Tag Archives: Liars’ League

The third of March, 2011: Bernard Cribbins, and a massive media onslaught

It’s World Book Day. I’m not sure what that means. Am I supposed to be doing something? Hope not. In any case, World Book Day doesn’t seem to have reached Leeds (oh, except for the isolated enclave of St Mary’s Primary School in Horsforth, where Keith Charters will be hosting a literary event – good on him).

World Book Day seems to be mostly about doling out £1 book tokens to kids, which is surely a good thing. It’s also about gathering depressing statistics, such as: 12.7 per cent of teenage boys never read books at all.

Anyway, Bernard Cribbins is involved, so it must be a worthy cause. There are loads of World Book Day story-telling videos available here. All of them make me miss Jackanory.

(Speaking of storytelling, it’d be remiss of me not to link once more to the brilliant Liars’ League, and, specifically, this, this and this (declaration of interest: I wrote the last one)).

Tomorrow night is World Book Night. You’d think that World Book Night would immediately follow World Book Day, but it doesn’t. Apparently World Book Night will be “the focus of a massive media onslaught”, which sounds quite frightening.

I’d like to be positive about World Book Day, and I am, really – but I don’t think the people behind it have done a great job of talking it up.

I did like this, though.

It’s by Lane Smith. There’re more of his great drawings here (including illustrations for James And The Giant Peach, a book with an uncanny knack for worming its way into Clutterbucks).

The twentieth of January, 2011: I danced with a man who danced with a girl who danced with the Prince of Wales

It’s interesting, the way in which creative careers (or any careers that are figuratively or literally itinerant) create networks of unexpected links. One of the splendidnesses of the internet is that you can explore these links so speedily (one minor downside being that the awesome artistry of, say, Pete Frame’s Rock Family Trees is rendered redundant).

It’s a six-degrees-of-separation sort of thing (or it’s along the lines of I danced with a man who danced with a girl who danced with the Prince of Wales) – except that the stops along the journey are as important as its endpoint.

I’ve just been googling the career of the actor Greg Page.

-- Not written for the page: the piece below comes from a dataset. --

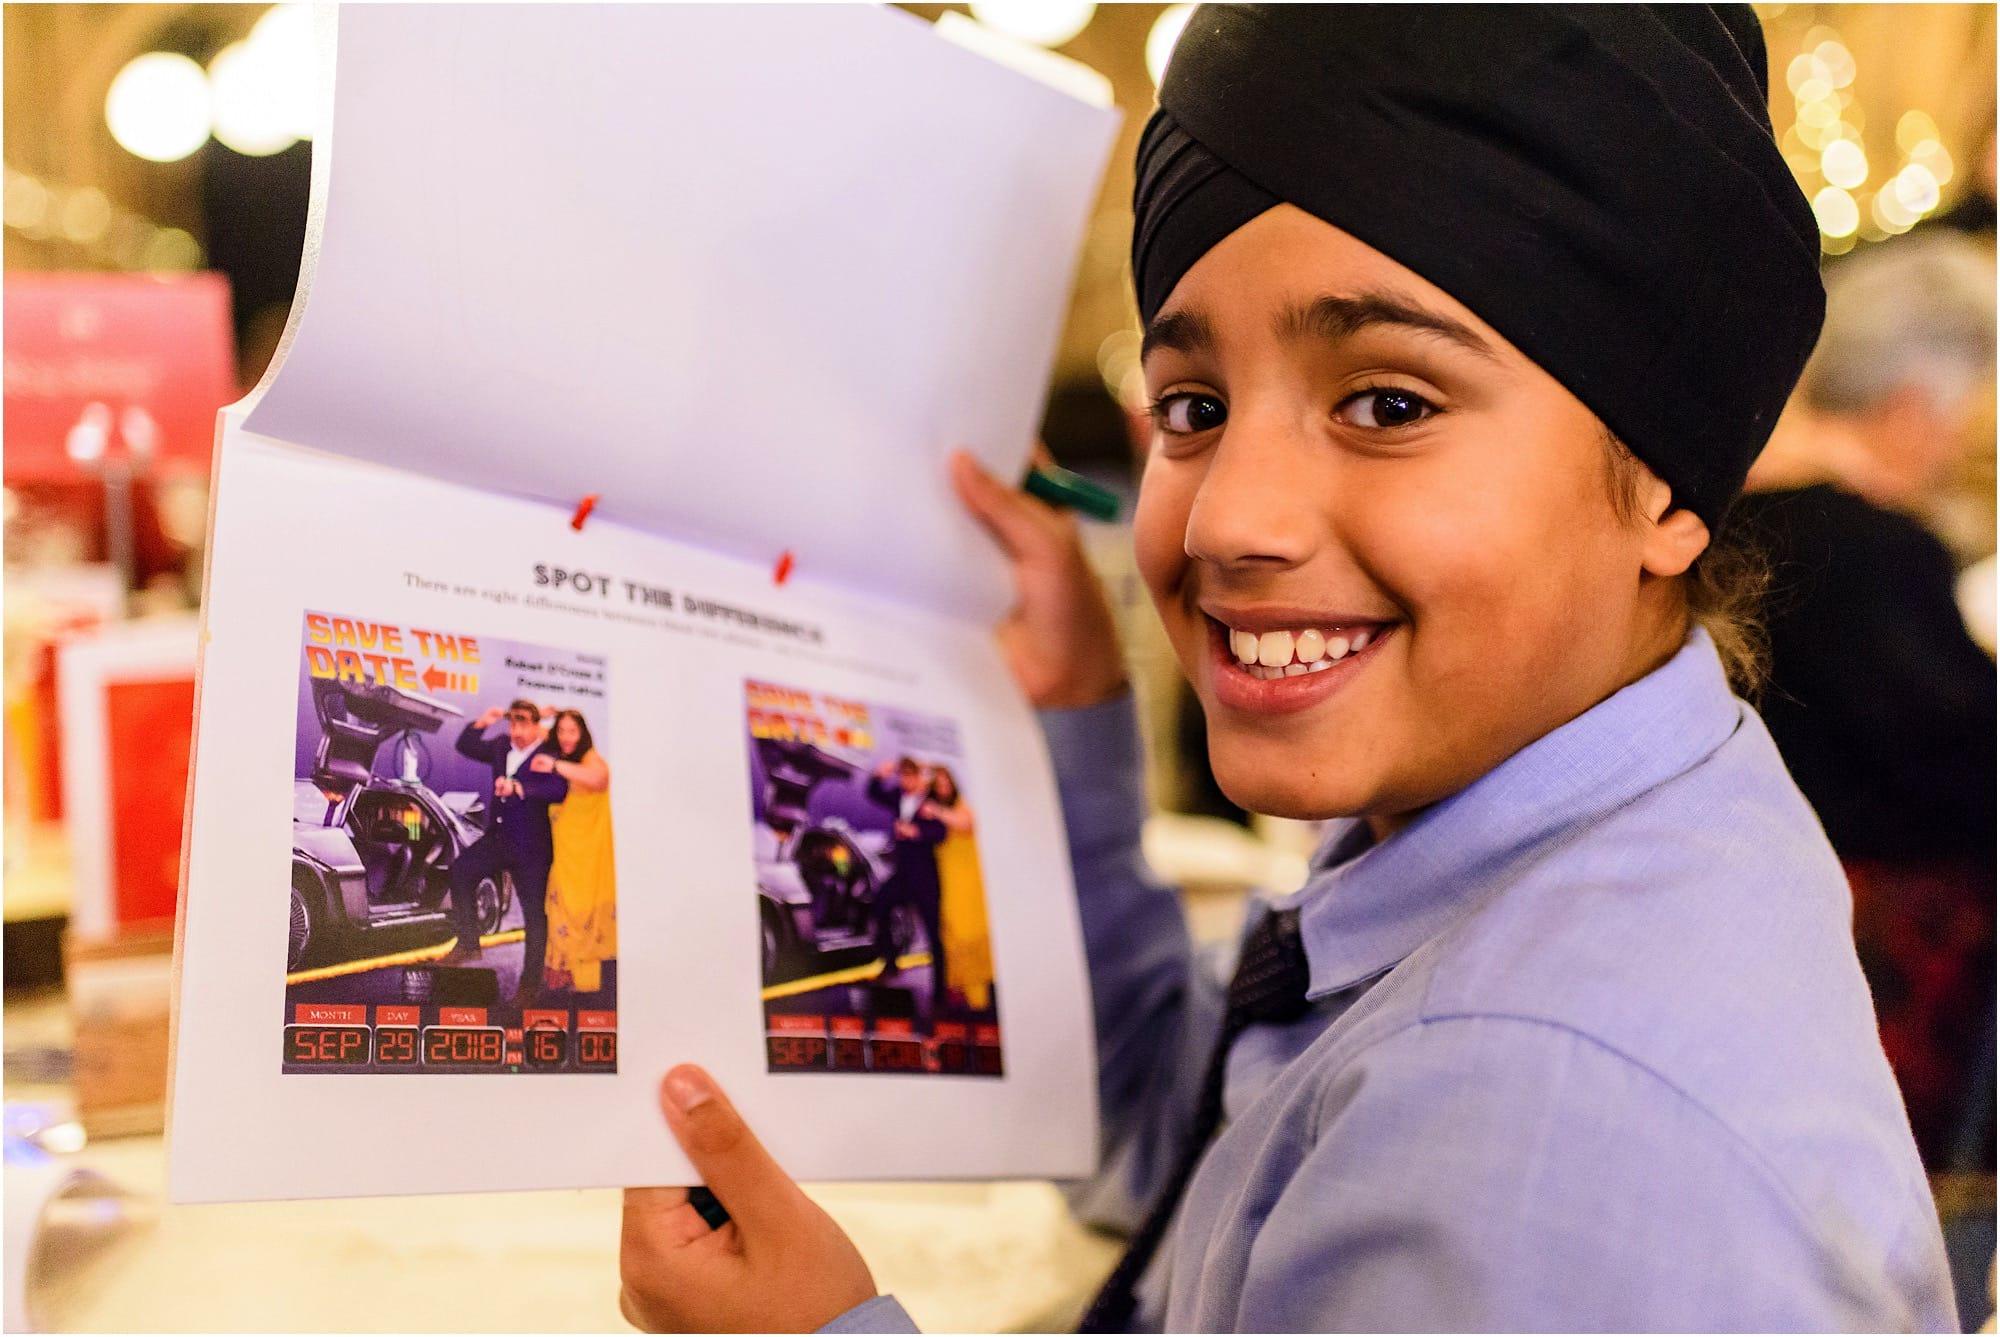 Kid in turban happy with his menu

What sort of a thing is that to be doing with your Thursday night?, you might well ask. The reason is that I’ve just been listening to Greg’s excellent rendition of my story on the 2010 Best of The Liars’ League CD.

And what happy googling it was. I learned, as I leapt from Greg Page-related hyperlink to Greg Page-related hyperlink, about the London Bubble Theatre Company and Fan Made Theatre. I found out that Georges Feydeau (1862-1921) wrote bedroom farces (although if I manage to live to my dying day without having seen one of Georges Feydeau’s bedroom farces, it will be all right with me).

And I watched this film, a selection at the 2010 Portobello Film Festival.  Then I watched the trailer for this film, which, unlike that film, won a prize at the 2010 Portobello Film Festival.

The nooks and crannies of actors’ CVs are full of interesting things upon which few people stumble. That is the moral of this story. The other moral of this story is that it’s high time I went to bed.